Эскалатор вознес их на самый верх торгового центра – туда, где пахло дорогими духами и хорошим кофе, где созывали на семичасовой сеанс кинотеатров те же гладиаторы. Но Ланса вели дальше, мимо стеклянных витрин игрового зала и детской комнаты, в подсобные помещения.

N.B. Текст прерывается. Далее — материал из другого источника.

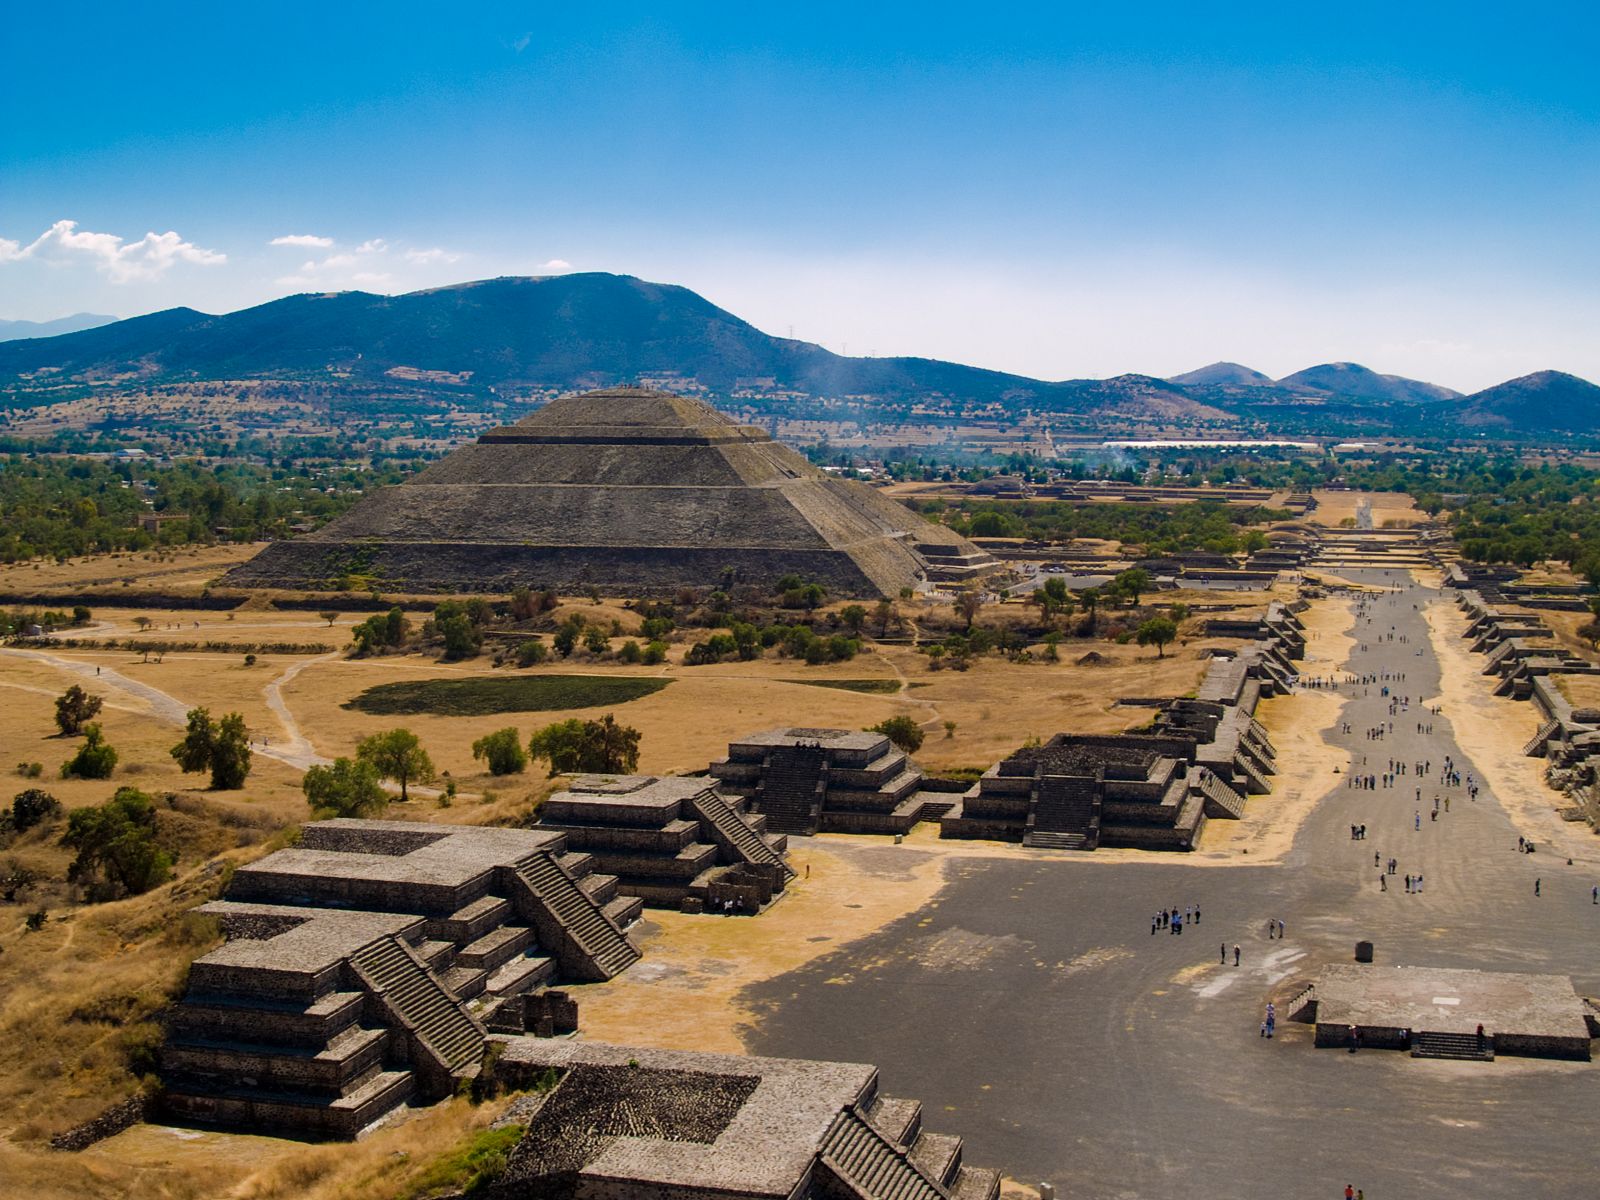 La ciudad prehispánica de Teotihuacán
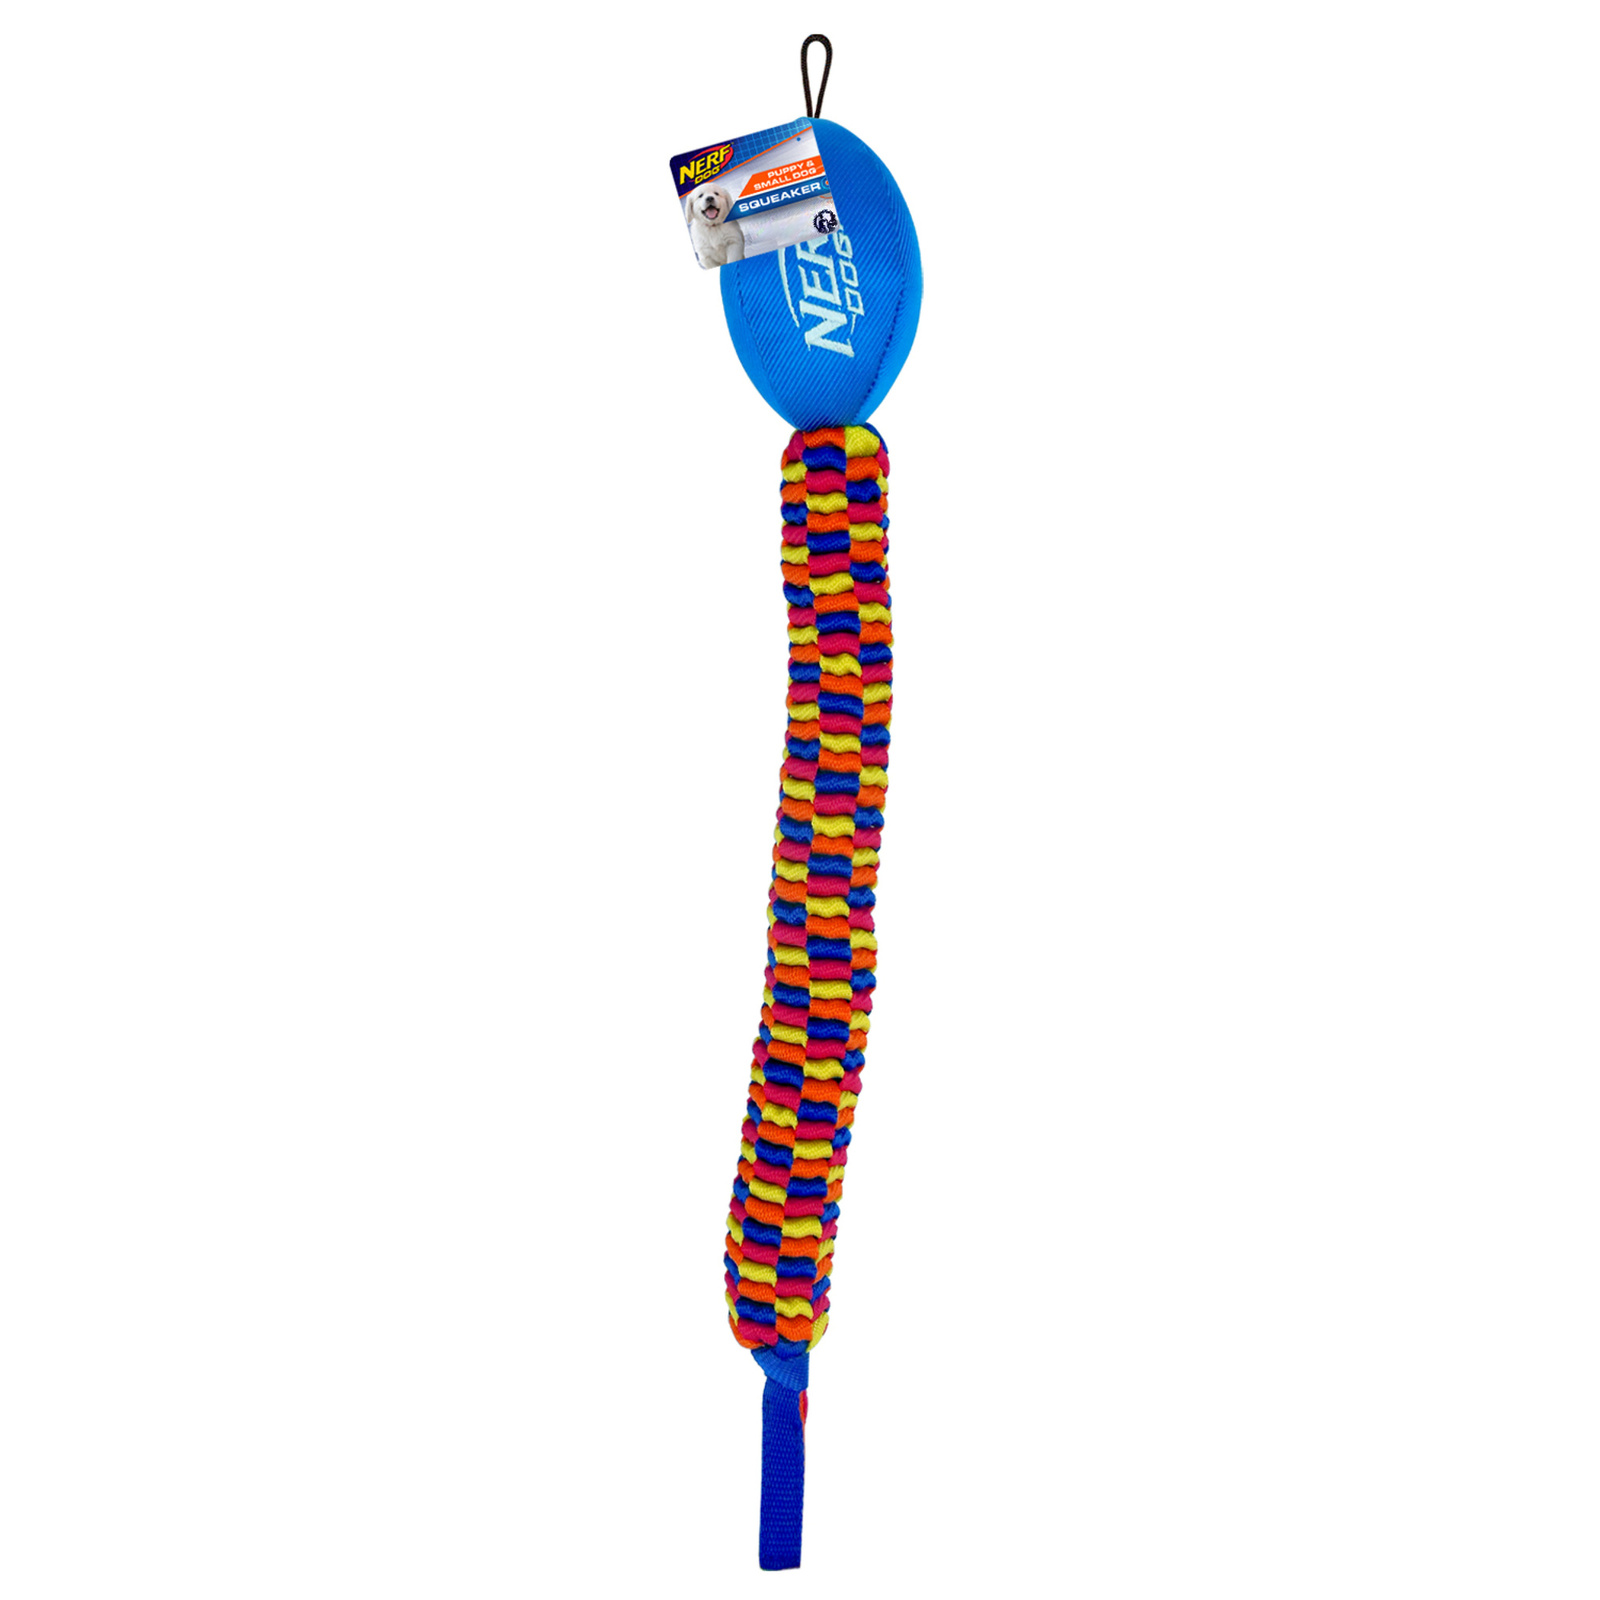 Nerf Nerf мяч для регби с плетеным шлейфом, 48 см, (синий/оранжевый/зеленый/красный) (272 г) nerf мегатон игрушка для собак мяч для регби из нейлона и вспененной резины оранжевый синий 18 см

Словно в кроличью нору, они нырнули в грузовой лифт и поднялись этажом выше. Усталая уборщица кореянка прошла мимо, не глядя по сторонам. А отец Ксаны, Витель, распахнул дверь с табличкой: «Осторожно! Высокое напряжение!»
За дверью длинными рядами, словно шторы, висели голографические полупрозрачные экраны. С ярко-синих полотен сияли подсвеченные лица. Тысячи разных лиц, смутно знакомых и неизвестных. Адреса, личная информация… Казалось, здесь есть досье на каждого жителя страны.
Ланс вдруг почувствовал себя очень маленьким и слабым. Люди, работавшие с экранами, изучали его, безмолвно приветствовали. Все как один – сенсы и психологи.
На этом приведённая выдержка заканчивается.